While elevated lactate correlates with post-exertional malaise (PEM), it is not likely the direct cause. Instead, lactate may serve as a defense mechanism to counteract inflammation. Its anti-inflammatory properties may represent the body's attempt to mitigate excessive immune responses triggered by exertion.

Could Gut Bacteria Be a Source of Lactate?

The gut microbiome plays a surprising role in lactate dynamics. Certain bacteria, like Streptococcus and Enterococcus, produce D-lactate, a form of lactate distinct from the L-lactate generated by cellular metabolism. Elevated levels of these bacteria have been found in the stool samples of ME/CFS patients.

What is D-Lactate?

D-lactate can also result from abnormal glucose metabolism. High-carbohydrate diets can push glucose through a pathway that produces methylglyoxal, a toxic molecule converted into D-lactate. Methylglyoxal and advanced glycation end-products (AGEs) contribute to oxidative stress and inflammation.

Strategies to Reduce Lactate and Improve Symptoms

Reducing lactate may help alleviate exercise intolerance and PEM. Here are some potential approaches:

1. Supplements

• Magnesium: Known to reduce lactate production after exercise.

• Citrulline Malate: Commonly used by athletes to lower lactate levels and enhance recovery.

2. Pharmacological Options

• Milnacipran: An FDA-approved drug for fibromyalgia that has been shown to lower brain lactate levels and reduce pain.

3. Gut Microbiome Modulation

• Reduce lactate-producing bacteria through:

  • Antibiotics or natural antimicrobials.

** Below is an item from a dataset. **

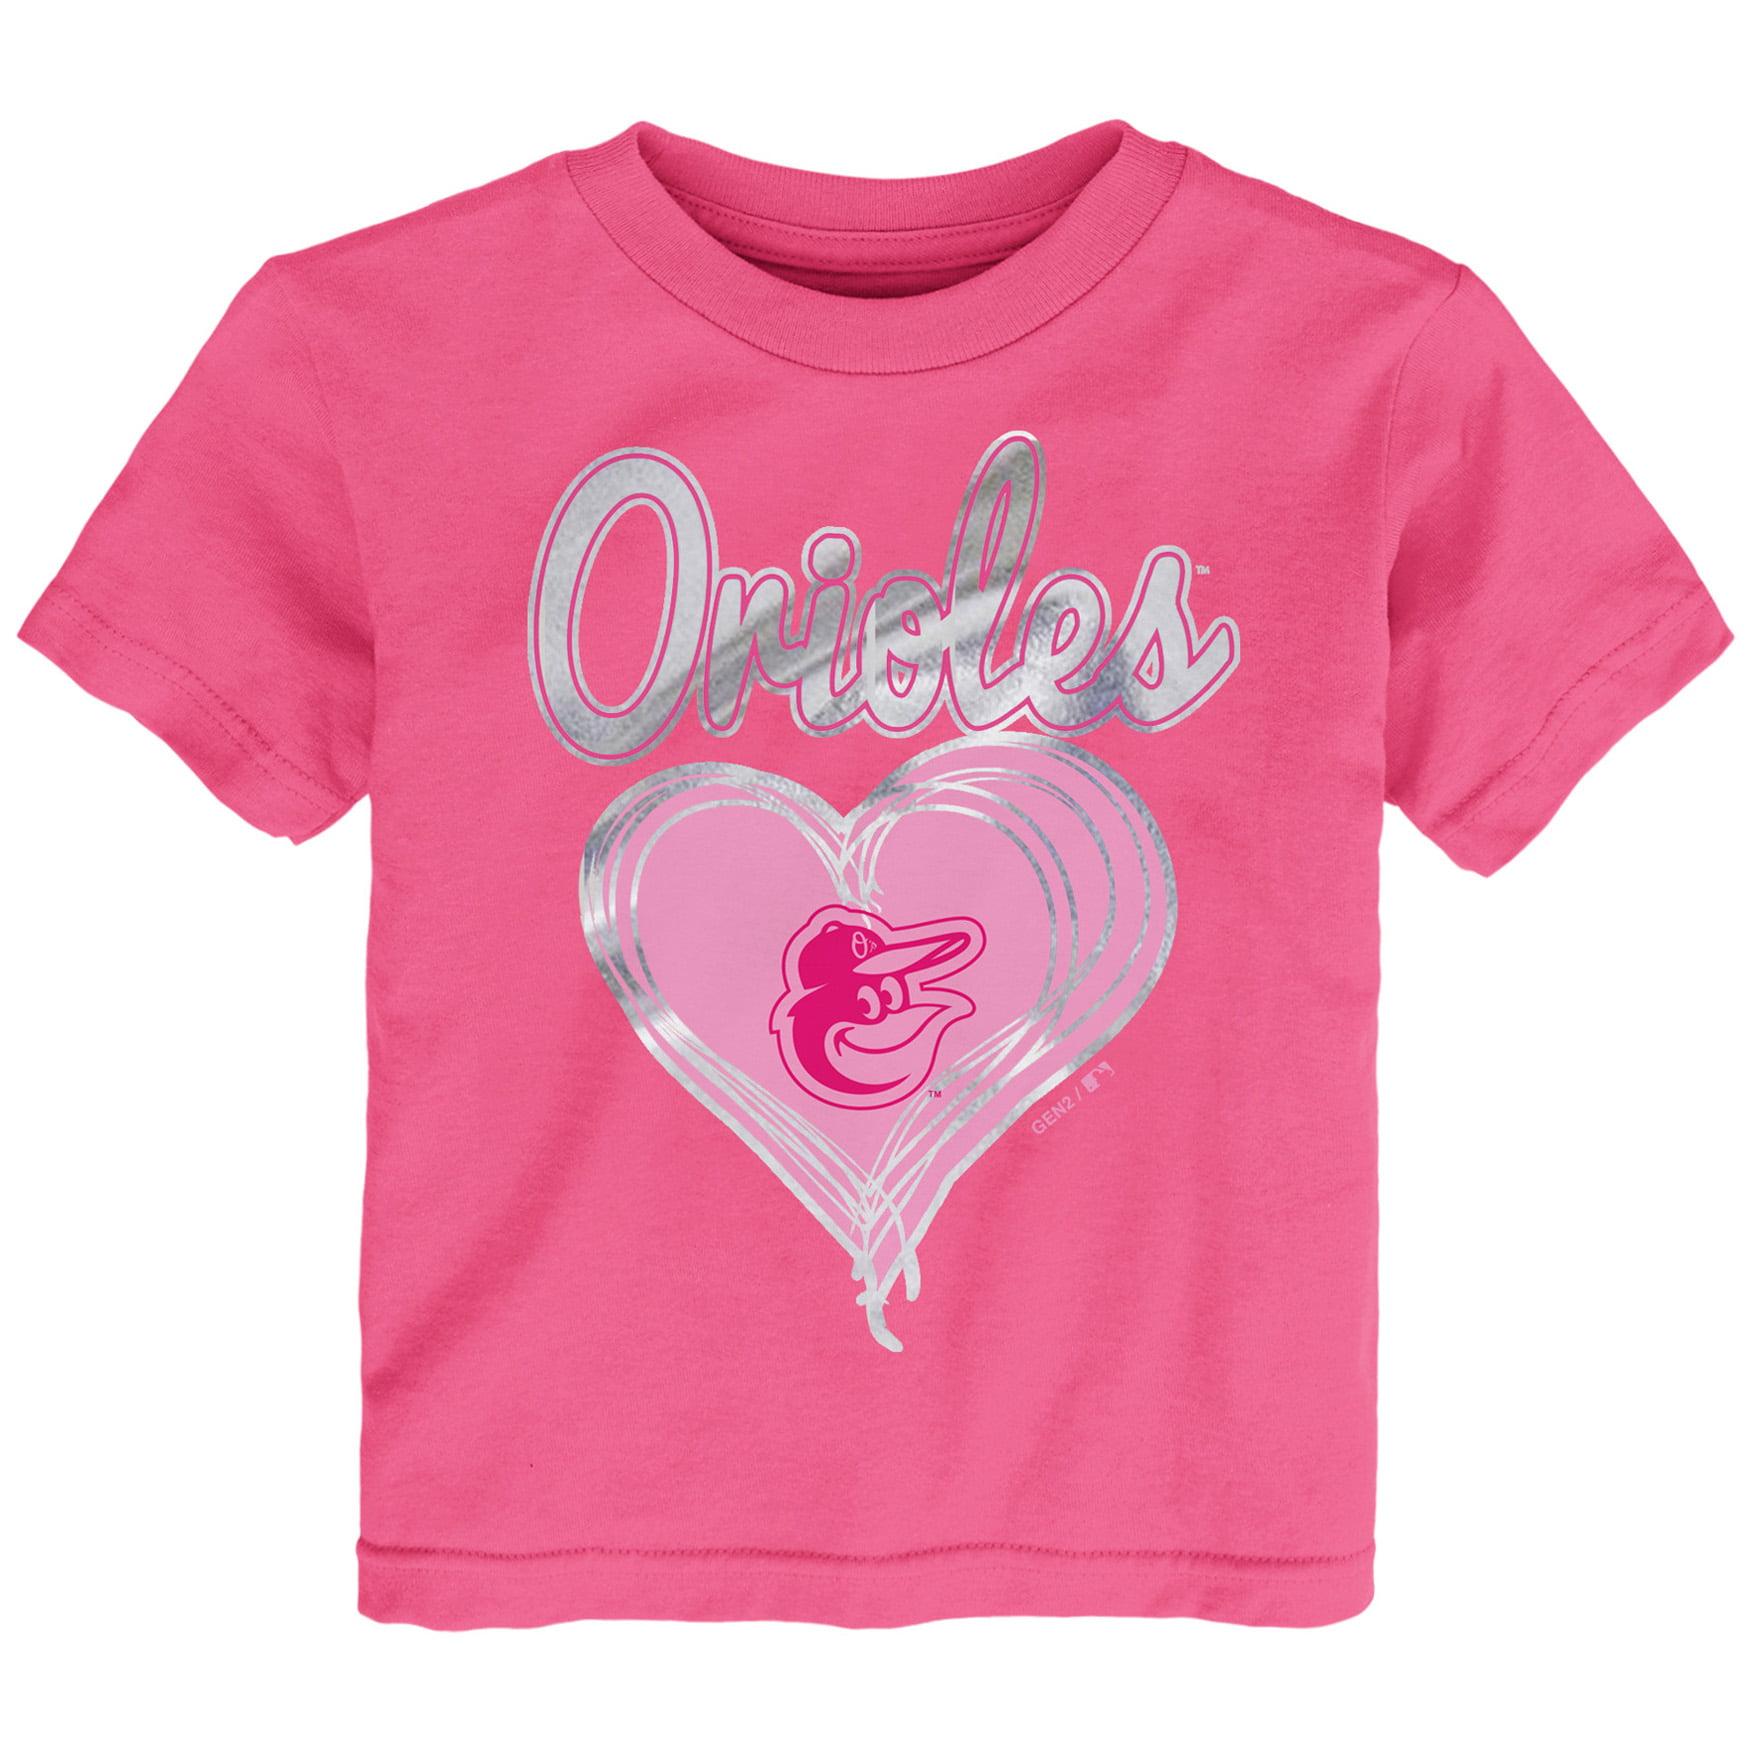 Baltimore Orioles Girls Preschool Unfoiled Love T-Shirt - Pink

  • Prebiotics and probiotics.

  • A low-carbohydrate or ketogenic diet.

4. Ketogenic Diet or Exogenous Ketones

• The ketone β-hydroxybutyrate can help clear lactate by converting it into energy, potentially reducing its buildup.

Key Takeaways

Lactate is more than just a byproduct of exertion—it’s a versatile molecule with critical roles in energy production, brain function, and inflammation regulation. For those with ME/CFS, fibromyalgia, or similar conditions:

• Lactate is not a waste product.

• Lactate is not inherently inflammatory or pain-producing.

• Elevated lactate is a sign of the body attempting to regulate inflammation.

Future research may uncover more targeted ways to manage lactate levels and harness its benefits, providing new hope for reducing fatigue, pain, and other debilitating symptoms. For now, understanding lactate’s dual role as both a helper and a signal of underlying issues can guide smarter treatment strategies.

References

van Hall G, et al. (2009) Blood lactate is an important energy source for the human brain. J Cereb Blood Flow Metab. 29(6):1121-9.

Pucino, V., Bombardieri, M., Pitzalis, C., & Mauro, C. (2016). Lactate at the crossroads of metabolism, inflammation, and autoimmunity. European Journal of Immunology, 47(1), 14–21.

Ratter JM et al (2018) In vitro and in vivo Effects of Lactate on Metabolism and Cytokine Production of Human Primary PBMCs and Monocytes. Front. Immunol.,9: 2564.

Magistretti PJ, Allaman I. (2018) Lactate in the brain: from metabolic end-product to signalling molecule. Nat Rev Neurosci. 19(4):235-249.

Lien K, et al. (2019) Abnormal blood lactate accumulation during repeated exercise testing in myalgic encephalomyelitis/chronic fatigue syndrome. Physiol Rep. 7(11): e14138.

Cinar V, Nizamlioğlu M, Moğulkoc R. (2006) The effect of magnesium supplementation on lactate levels of sportsmen and sedanter. Acta Physiol Hung. 93(2-3):137-44.

Kiyici F, Eroğlu H, Kishali NF, Burmaoglu G. (2016) The Effect of Citrulline/Malate on Blood Lactate Levels in Intensive Exercise. Biochem Genet. 55(5-6):387-394.

Natelson, BH et al. (2015) Effect of Milnacipran Treatment on Ventricular Lactate in Fibromyalgia: A Randomized, Double-blind, Placebo-controlled Trial. J Pain. 16(11): 1211–1219.